Task directions = Quote exactly the lines from the start of the entries to the one with "1908-05-12_fishta-3", both ends included.

[Stored dataset items]
+ + +
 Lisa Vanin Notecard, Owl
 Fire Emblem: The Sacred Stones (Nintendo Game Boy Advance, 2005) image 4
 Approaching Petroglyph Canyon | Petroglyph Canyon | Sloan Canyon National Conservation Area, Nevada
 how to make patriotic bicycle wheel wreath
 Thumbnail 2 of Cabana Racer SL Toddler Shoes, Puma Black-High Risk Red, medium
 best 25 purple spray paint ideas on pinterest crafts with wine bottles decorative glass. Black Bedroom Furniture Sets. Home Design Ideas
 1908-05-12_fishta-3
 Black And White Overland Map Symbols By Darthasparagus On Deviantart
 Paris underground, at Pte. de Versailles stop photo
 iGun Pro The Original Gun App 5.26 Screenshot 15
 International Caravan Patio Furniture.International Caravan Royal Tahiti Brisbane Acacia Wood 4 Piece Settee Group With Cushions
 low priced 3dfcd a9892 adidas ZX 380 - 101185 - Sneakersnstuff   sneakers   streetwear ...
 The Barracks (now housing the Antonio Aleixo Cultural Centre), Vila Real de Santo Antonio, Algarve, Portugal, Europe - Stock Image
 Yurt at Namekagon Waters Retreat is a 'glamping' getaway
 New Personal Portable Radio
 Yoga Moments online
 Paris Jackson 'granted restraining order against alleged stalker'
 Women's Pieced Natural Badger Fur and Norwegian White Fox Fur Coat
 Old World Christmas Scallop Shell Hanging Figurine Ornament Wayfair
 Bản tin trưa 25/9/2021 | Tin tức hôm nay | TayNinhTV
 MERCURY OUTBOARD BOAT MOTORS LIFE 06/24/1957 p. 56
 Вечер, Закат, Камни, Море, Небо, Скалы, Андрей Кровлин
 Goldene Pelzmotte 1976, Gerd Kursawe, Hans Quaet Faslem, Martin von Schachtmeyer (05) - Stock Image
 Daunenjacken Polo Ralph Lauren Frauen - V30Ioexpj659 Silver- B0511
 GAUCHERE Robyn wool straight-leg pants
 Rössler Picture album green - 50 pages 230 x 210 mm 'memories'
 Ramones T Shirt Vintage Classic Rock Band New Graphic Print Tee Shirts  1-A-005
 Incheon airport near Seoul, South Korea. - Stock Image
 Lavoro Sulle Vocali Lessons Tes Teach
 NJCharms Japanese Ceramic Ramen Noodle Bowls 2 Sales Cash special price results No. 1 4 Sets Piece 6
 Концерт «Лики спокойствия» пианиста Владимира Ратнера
+ + +
Solution to this exercise =
 Lisa Vanin Notecard, Owl
 Fire Emblem: The Sacred Stones (Nintendo Game Boy Advance, 2005) image 4
 Approaching Petroglyph Canyon | Petroglyph Canyon | Sloan Canyon National Conservation Area, Nevada
 how to make patriotic bicycle wheel wreath
 Thumbnail 2 of Cabana Racer SL Toddler Shoes, Puma Black-High Risk Red, medium
 best 25 purple spray paint ideas on pinterest crafts with wine bottles decorative glass. Black Bedroom Furniture Sets. Home Design Ideas
 1908-05-12_fishta-3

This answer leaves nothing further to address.